The D.C. Democrats’ ward endorsement season kicked off last week in Far Southeast’s Ward 8. These quadrennial meetings are great grassroots political theater. Especially during a hotly contested D.C. primary season, local pols throw these party conventions writ local with gusto, making the most of the District’s curtailed democracy.
Though open to all registered Democratic voters in each ward, these meetings tend to be haunted by the same faces every four years, the most partisan and active of Democrats in this one party town. Turnout can be paltry or a well oiled campaign machine can bus in supporters and overwhelm the volunteers checking voter registration. (In Ward 2, Council Member Jack Evans knows how to work the halls of the senior centers in Shaw and lure out the ladies who like to wear Church Hats on Sundays with an air-conditioned bus ride and the offer of a good meal.) Crucially, a voter interested enough to show up to these meetings is certain to get out and vote even on a low turnout primary election day. Instead of continued caterwauling over D.C.’s limited voting rights, more confirmed Democrats ought to take advantage of these celebrations of political participation and show up, quiz candidates and vote.
Washington Examiner columnist and veteran DC political pundit Jonetta Rose Barras dropped in on the Ward 8 Democrats’ mayoral straw poll and painted the scene in her inimitable style: “dueling campaign workers — mostly from Gray’s and Fenty’s teams — were at the entrance to the parking lot, wearing their camps’ paraphernalia and talking plenty of trash.”
This ward that has repeatedly returned Marion Barry to the council “had been considered a Gray stronghold. For several years, he led a nonprofit organization based there. He is a former Ward 7 representative and still lives there. In the vernacular, east of the Anacostia River is his ‘hood,” Barras notes. Barry, however, the Washington Informer reported, was conspicuous in his absence. Thought to favor Gray, an observer can’t help but wonder how he might have influenced the straw polls results had the “Former Mayor For Life” made an appearance and dropped his trademark oblique hints of his preference.

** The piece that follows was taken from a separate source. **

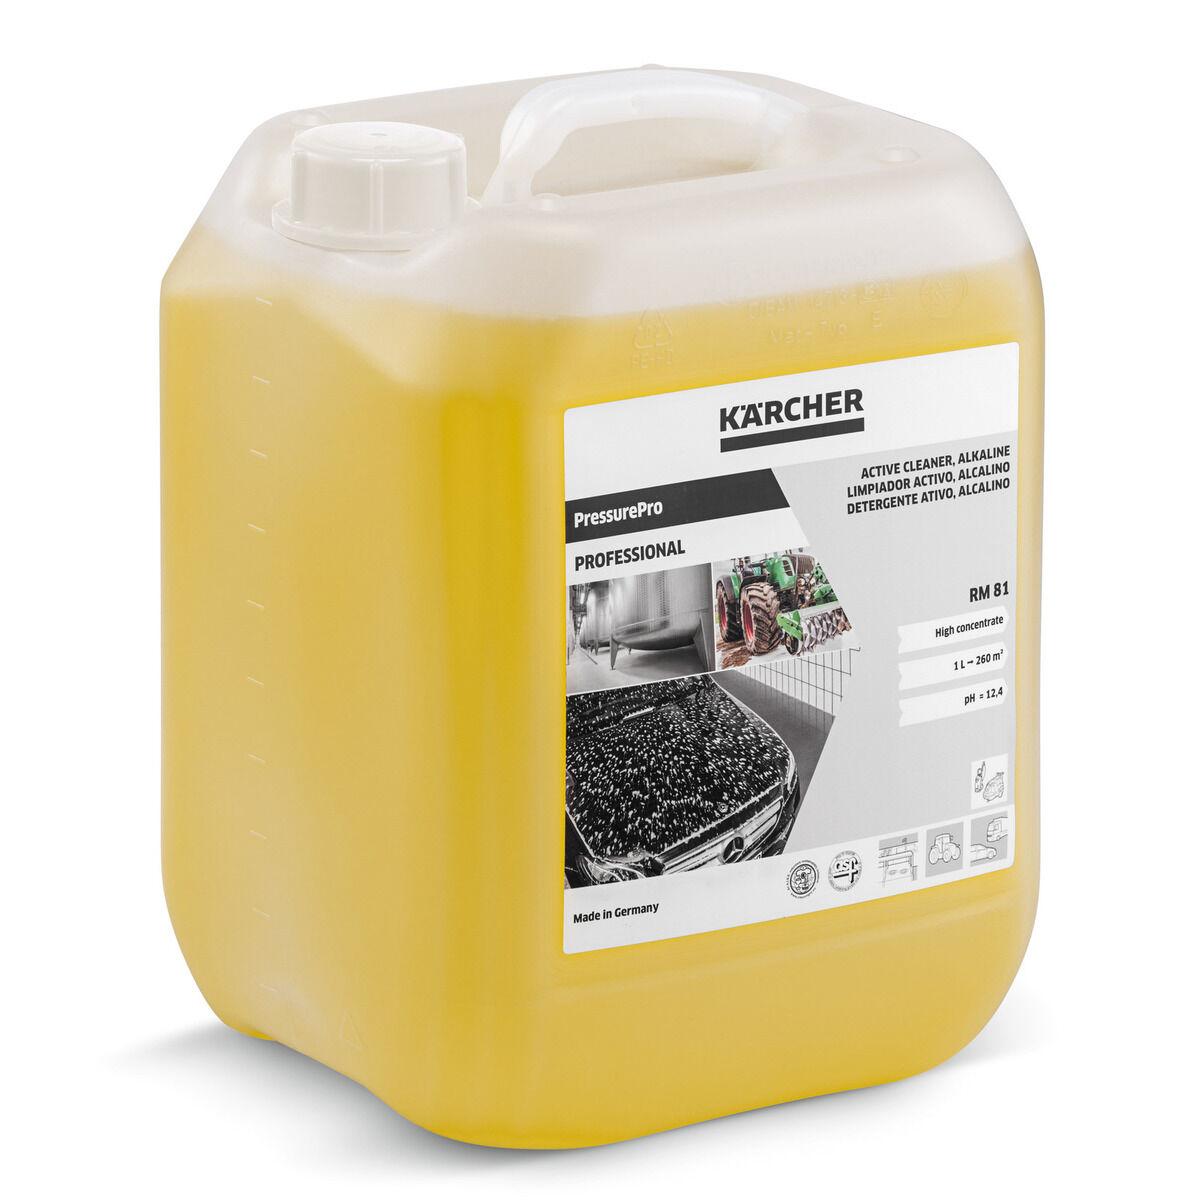 KARCHER Détergent actif PressurePro alcalin RM 81 bidon 10l - KARCHER - 62955560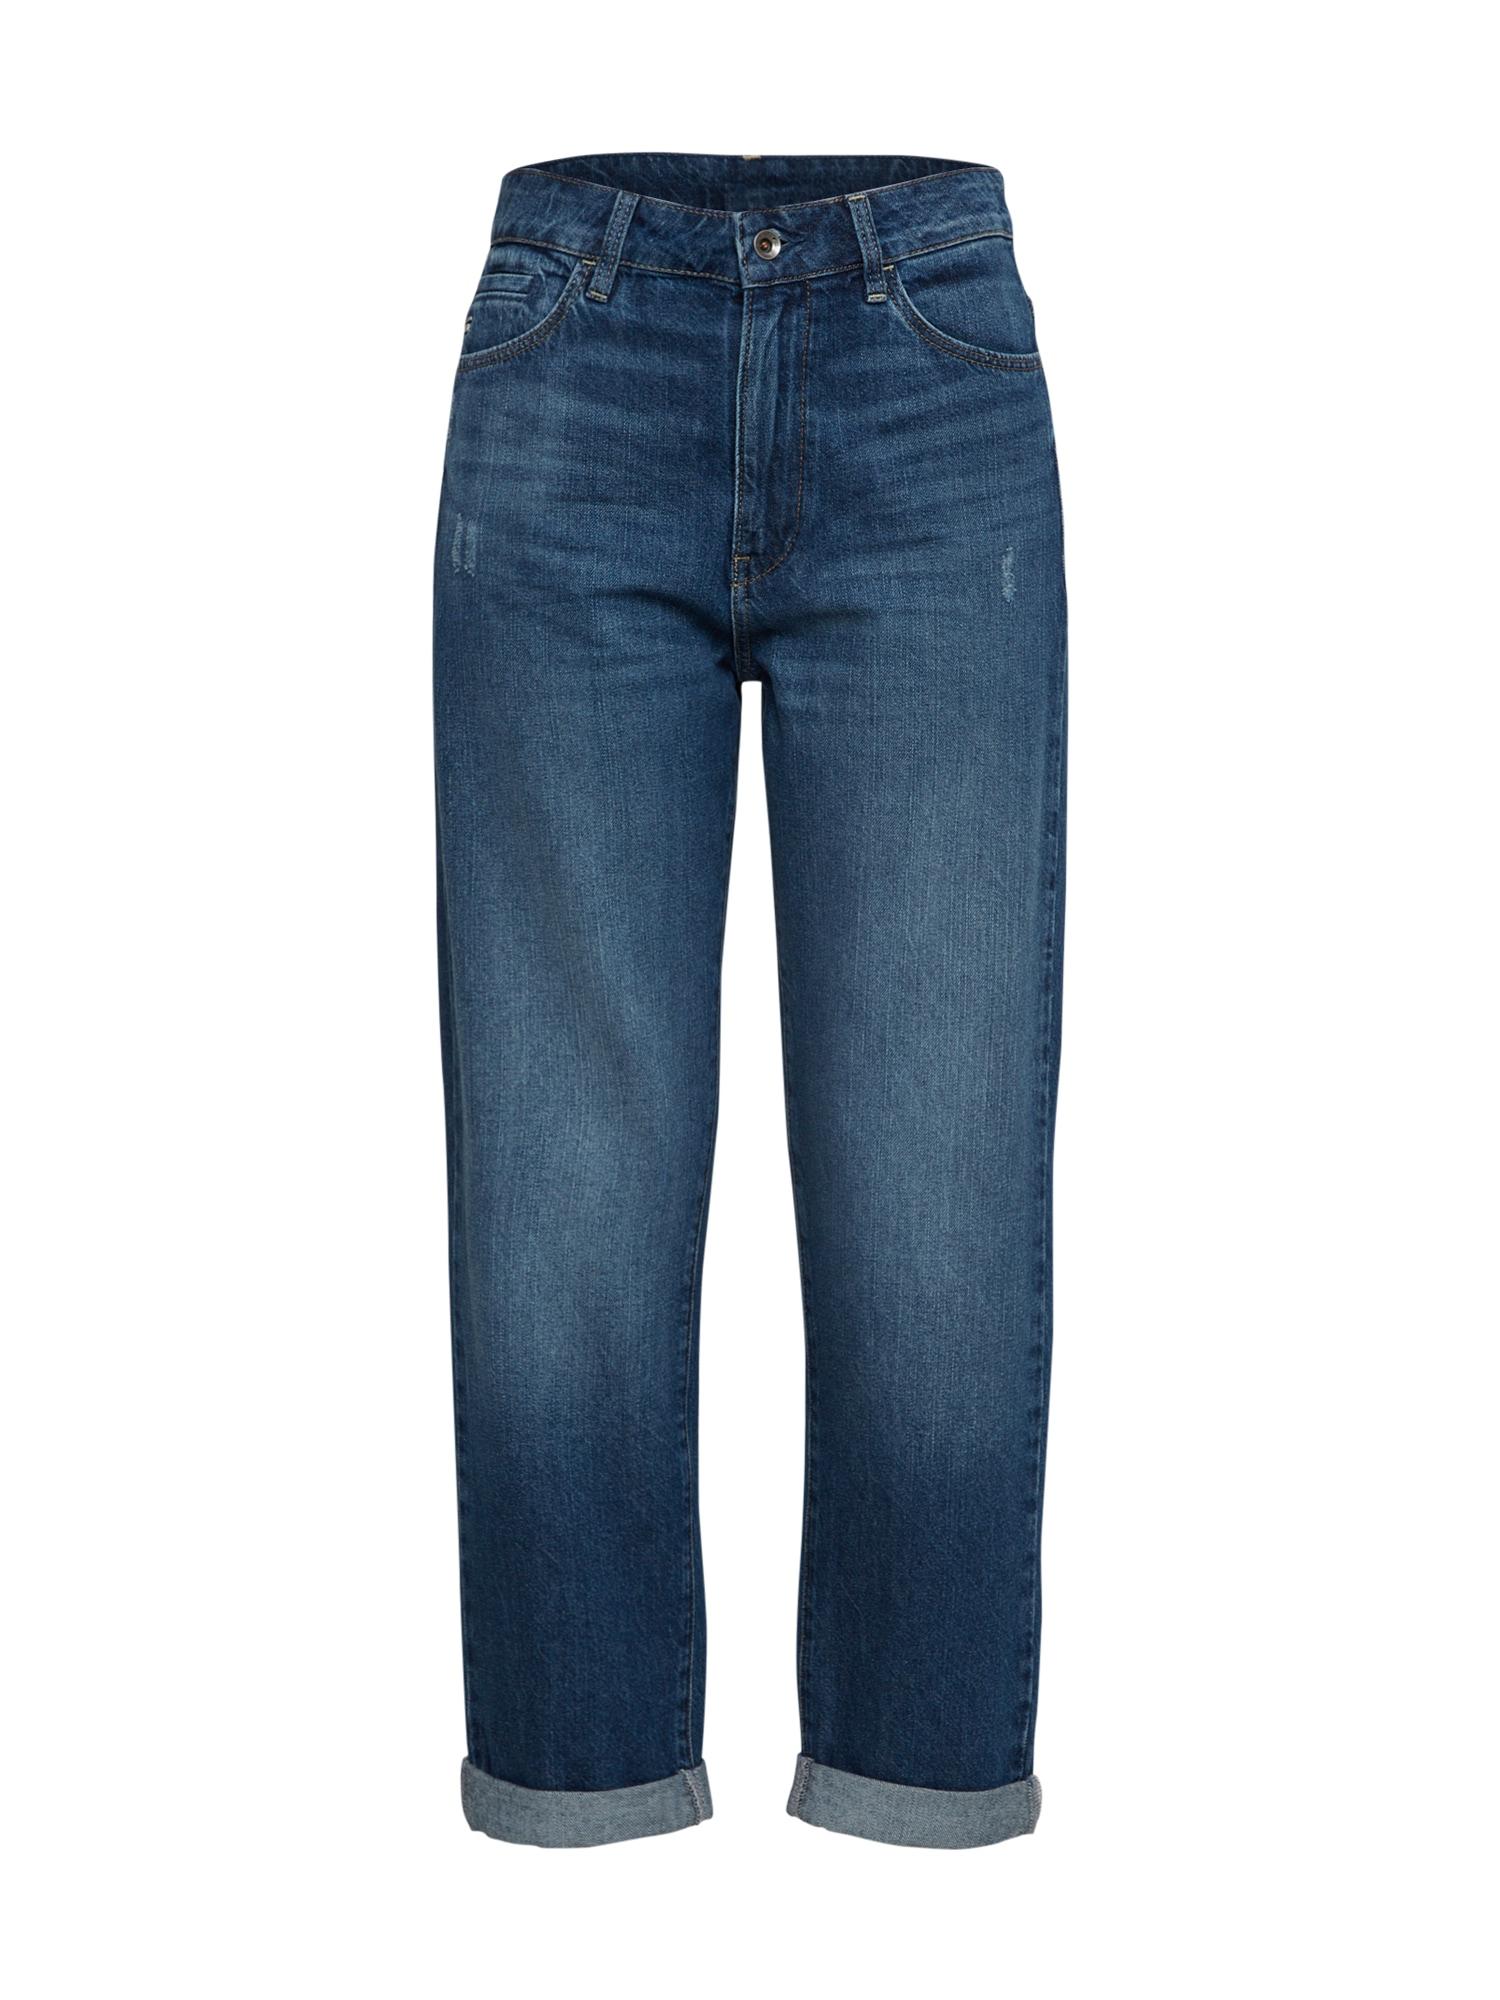 G-STAR RAW Dames Jeans Midge Deconst High Boyfriend blauw denim

However, Fenty’s “Green Machine,” his fabled political organization, was out in full force, and “showcased (it’s) determination and sophistication” in not only denying Gray his expected endorsement, but edging him out for first place. Fenty’s folks simply “outorganized his challengers’.”
After seeing the battle on the ground in Ward 8, Barras advises “folks who thought Mayor Adrian M. Fenty would cede predominantly African-American territory simply because independent surveys had indicated many blacks weren’t enamored of the first-term executive had better think again.” But with Vince Gray has made inroads into places like Mount Pleasant, where Fenty grew up, she concludes that this years “Democratic primary are likely to be extremely close.” With seven more Democrats’ ward meeting to go, look for Fenty and Gray to pull out the stops in every ward.